Finistère : coup d'envoi d'une campagne de vaccination itinérante dans les territoires ruraux

24 février 2021 à 9h49 par Marie PIRIOU

Dans le Finistère, une campagne de vaccination itinérante vient débuter. Un centre de vaccination mobile va sillonner le monde rural. Nous avons rencontré le président de l’Assemblée nationale Richard Ferrand et le préfet du Finistère Philippe Mahé.

ALOUETTE
Crédit: Archives

Dans le Finistère, une campagne de vaccination itinérante est mise en place depuis quelques jours. Après les Iles du Ponant, elle cible désormais les territoires ruraux et elle a pour objectif de faciliter la vaccination à l’aide d’un dispositif spécial : une équipe de six à sept personnes, composée de pompiers, d’infirmiers et d’un médecin se déplaçant dans les communes pour injecter les doses aux habitants concernés. Cette opération a été inaugurée mardi dans les Monts d’Arrée à Brasparts. Le président de l’assemblée nationale Richard Ferrand, député de la circonscription et le préfet du Finistère Philippe Mahé étaient présents.

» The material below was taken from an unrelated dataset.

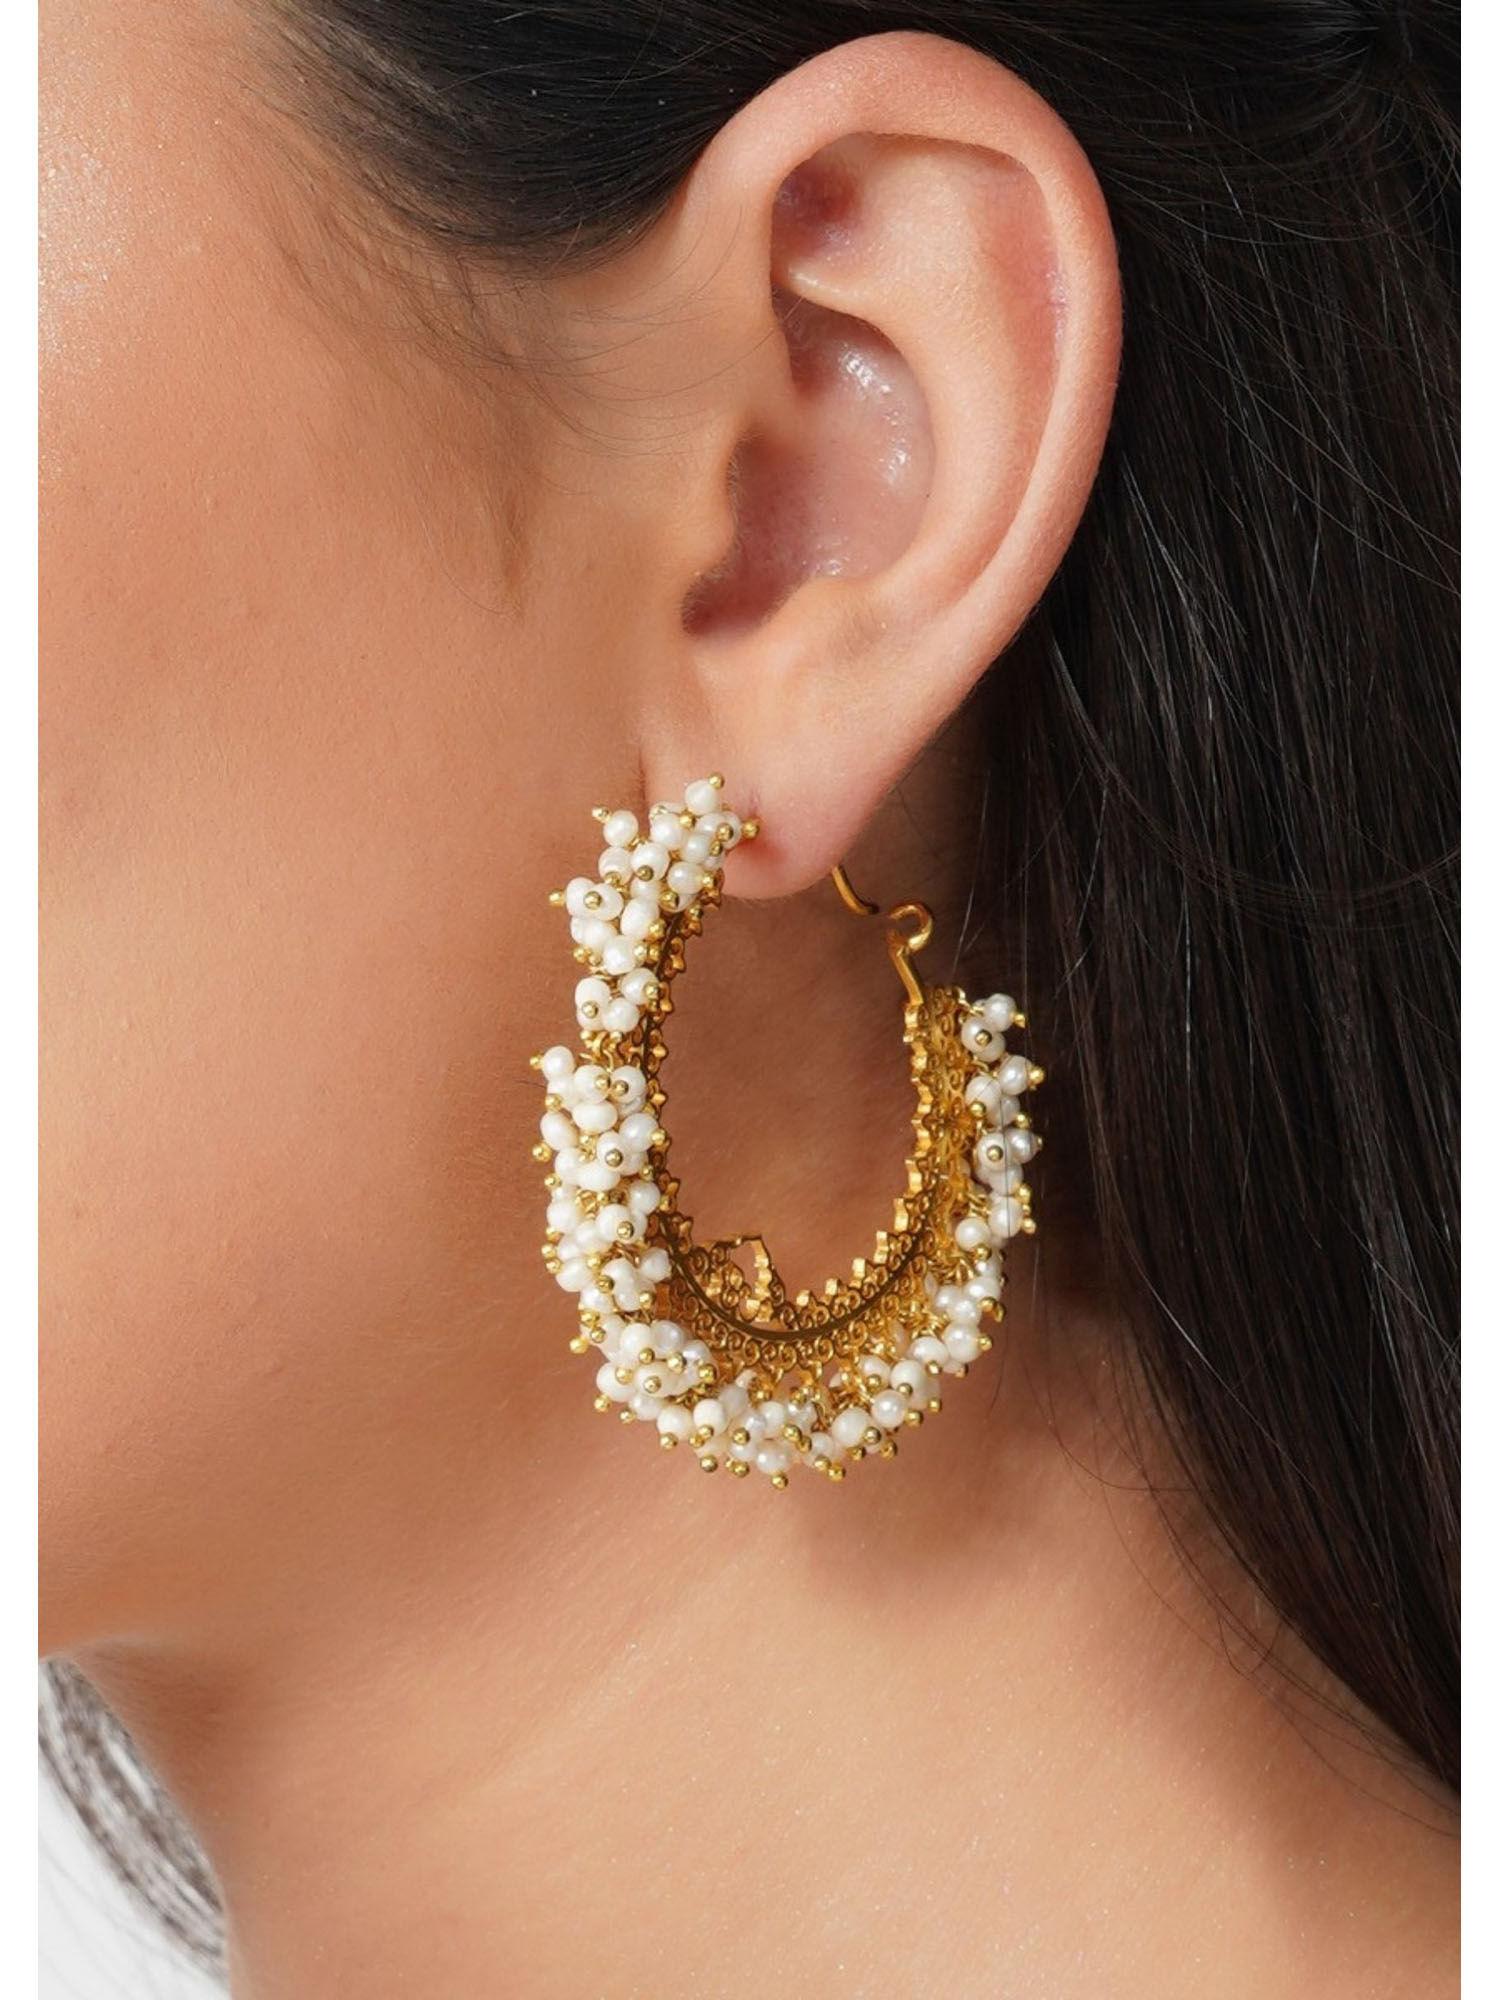 22kt gold plated handcrafted with natural freshwater white pearls wedding danglers earrings
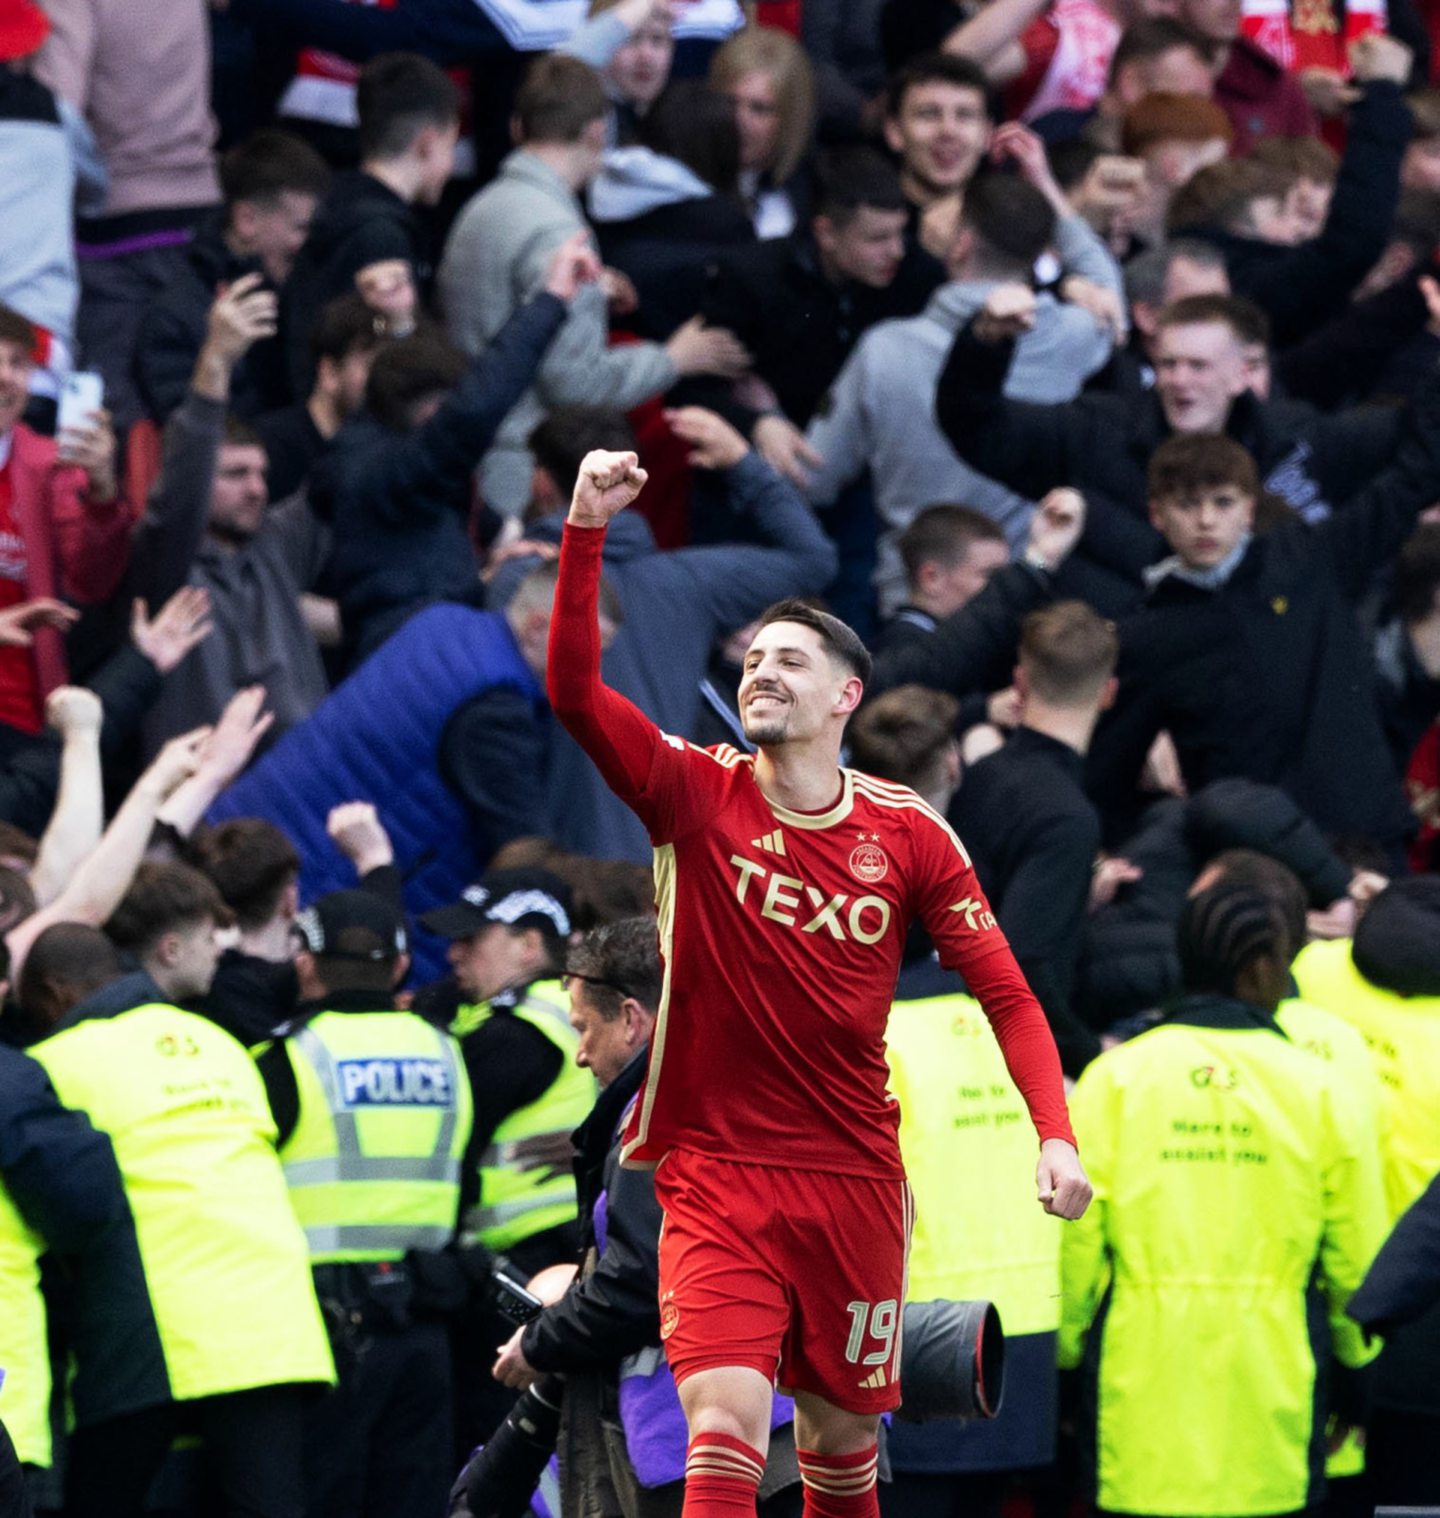 Aberdeen's Ester Sokler celebrates after scoring to make it 2-2 during the Scottish Cup semi-final. Image: SNS

Nous les avons rencontrés.

Richard Ferrand, quel est votre point de vue sur cette campagne de vaccination itinérante ?

Il est très important de démontrer à celles et ceux qui vivent en milieu très rural qu’ils ne sont pas oubliés, et notamment nos compatriotes de plus de 75 ans qui sont prioritaires dans l’administration du vaccin. Il faut aller vers eux parce que tous ne peuvent pas aller vers les centres de vaccination. Cette démarche est tout à fait exemplaire ! La campagne de vaccination a commencé lentement. Mais là, elle monte en puissance, elle s’amplifie, elle vient au plus près des personnes dans les campagnes et c’est extrêmement important. Parfois, la ruralité, à tort ou à raison, a l’impression d’être oubliée. Aujourd’hui, ce qui est démontré par la mobilisation des maires, des sapeurs-pompiers, des services de la préfecture du Finistère et de l’Agence régionale de santé Bretagne, c’est que personne n’est oublié et qu’on va vers ceux qui ont plus de difficultés à se déplacer.

Philipe Mahé, combien de communes finistériennes sont concernées par ce centre de vaccination mobile ?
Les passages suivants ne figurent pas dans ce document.